__Task prompt__
In the entries below, begin at the line with "Nickel Plated Key" and stop after the line with "Nashville Girls Trip Mug | Draper James (US)"; output those lines exactly and omit the pictures.

__Provided data__
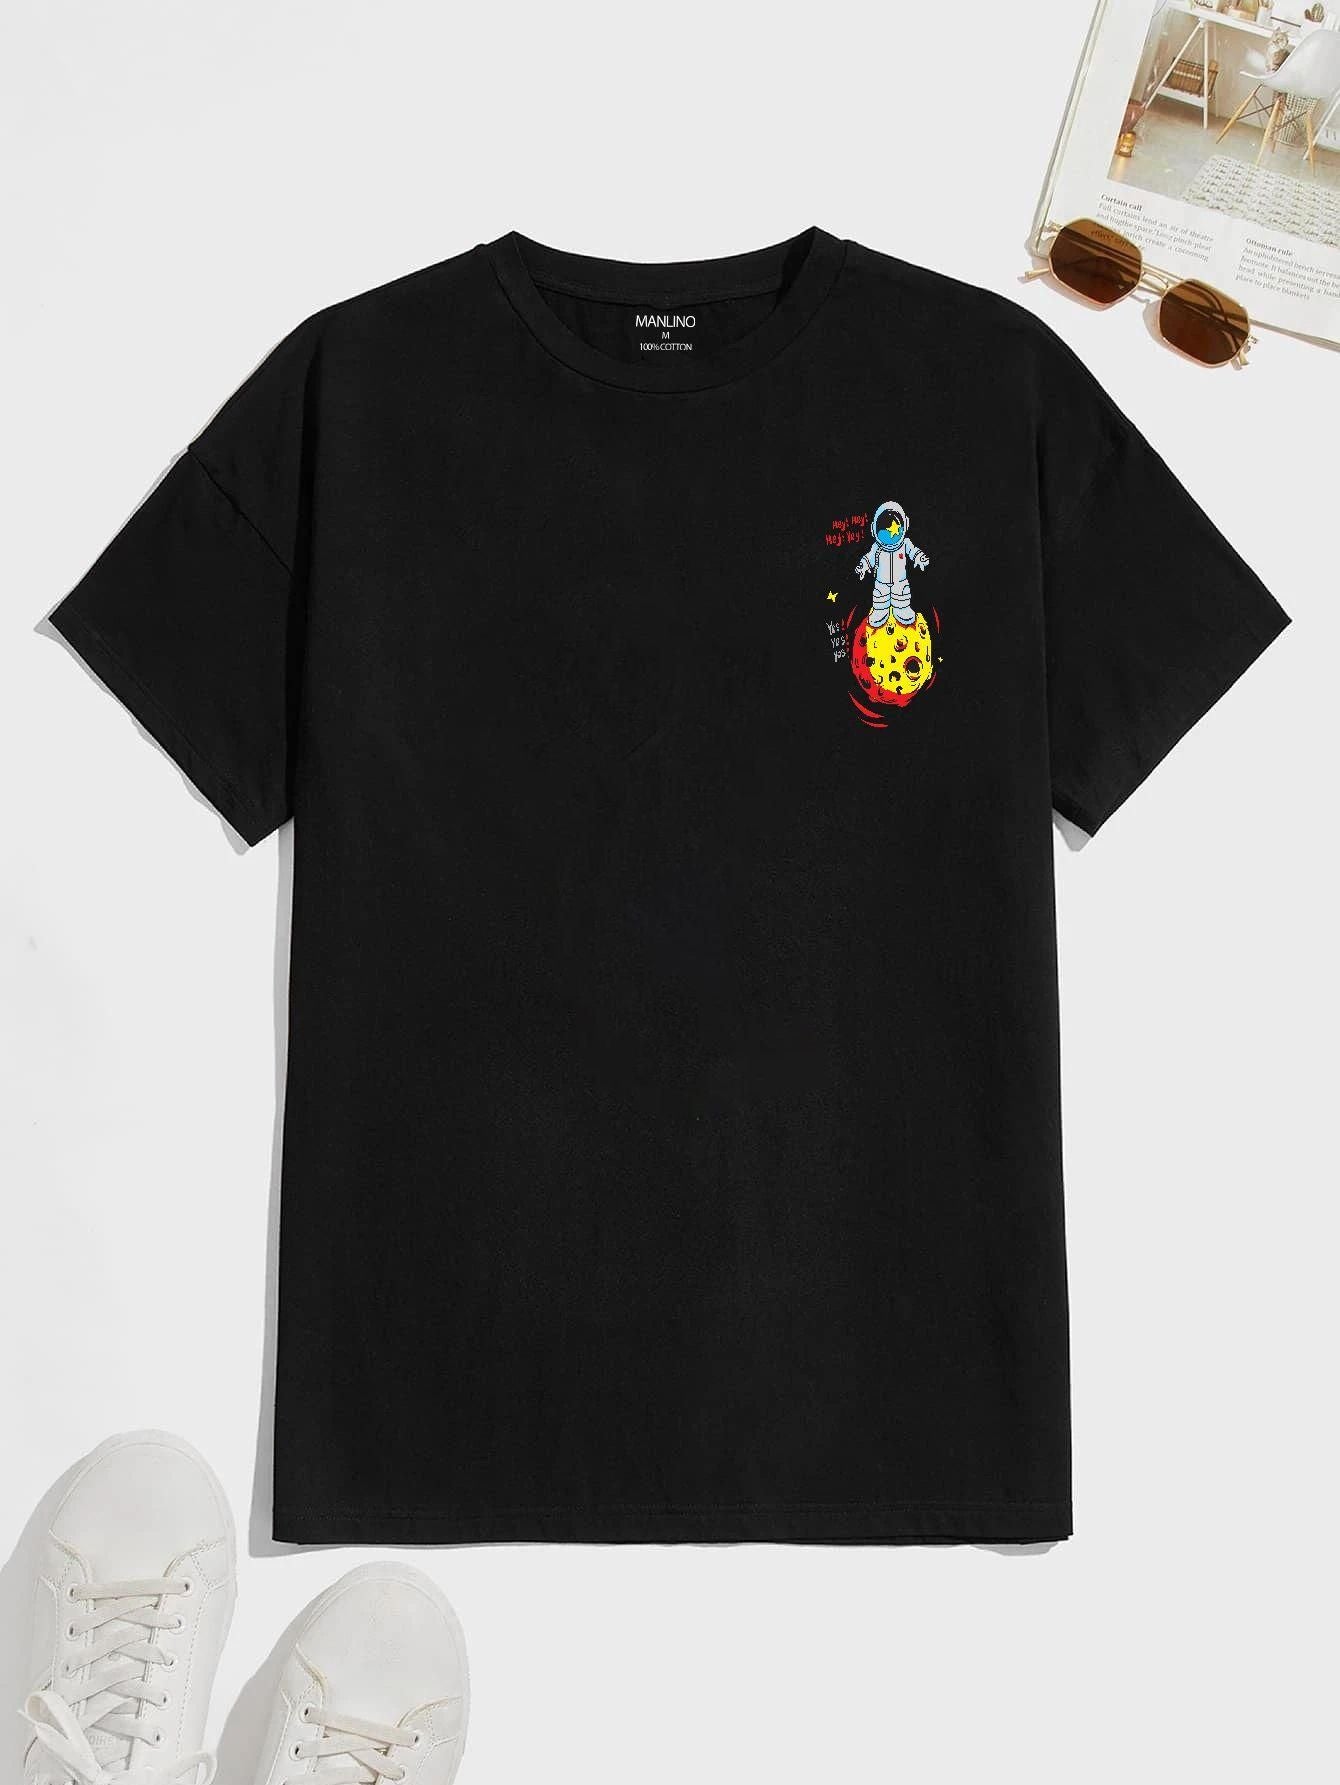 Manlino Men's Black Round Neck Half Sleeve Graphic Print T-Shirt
---
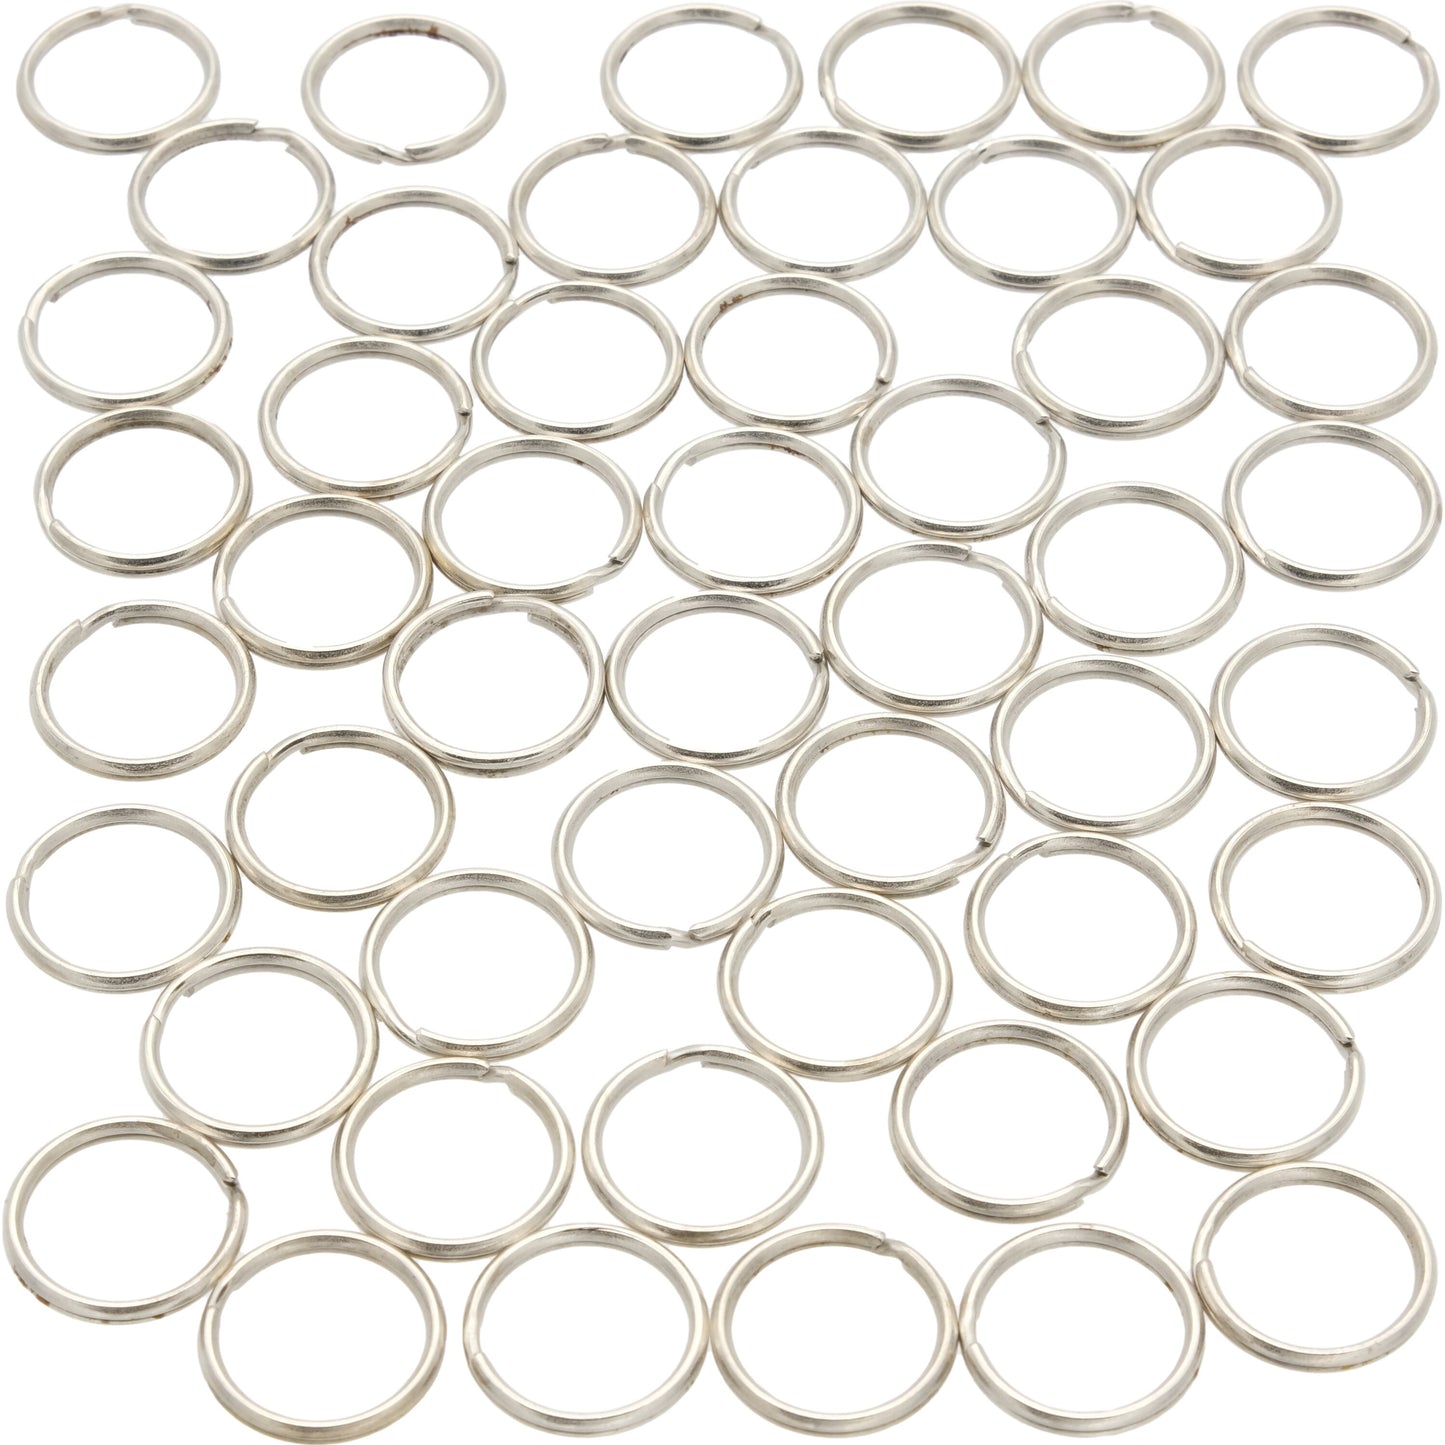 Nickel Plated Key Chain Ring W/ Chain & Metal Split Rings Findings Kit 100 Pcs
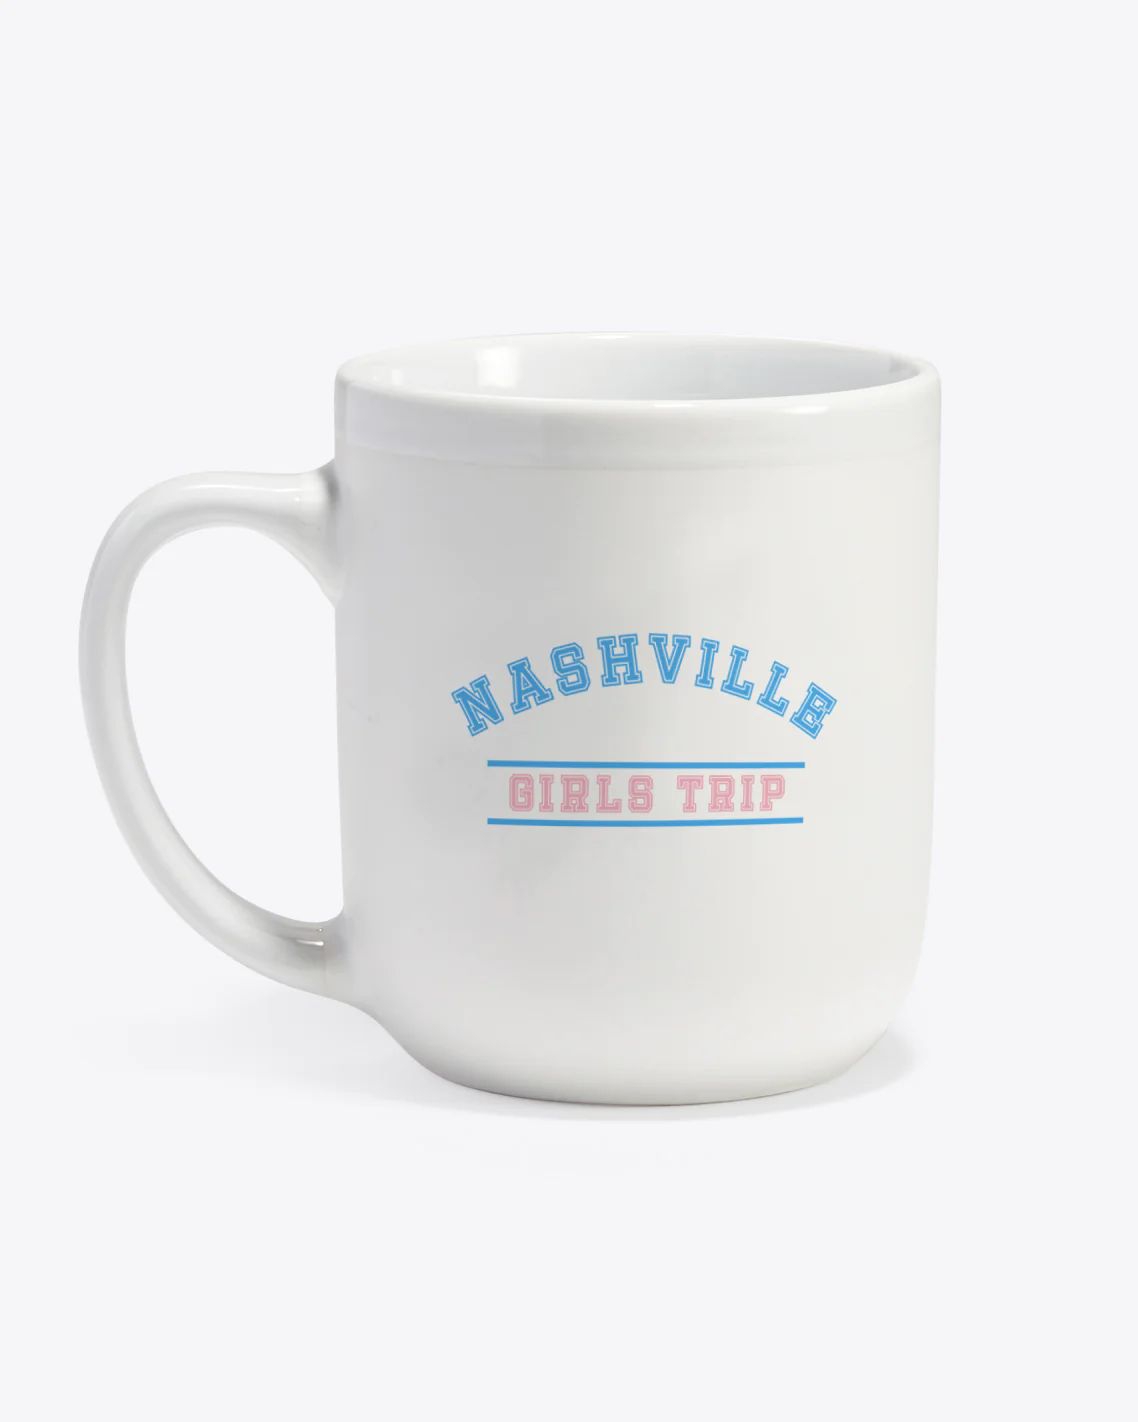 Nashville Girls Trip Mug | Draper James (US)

__Written answer__
 Nickel Plated Key Chain Ring W/ Chain & Metal Split Rings Findings Kit 100 Pcs
 Nashville Girls Trip Mug | Draper James (US)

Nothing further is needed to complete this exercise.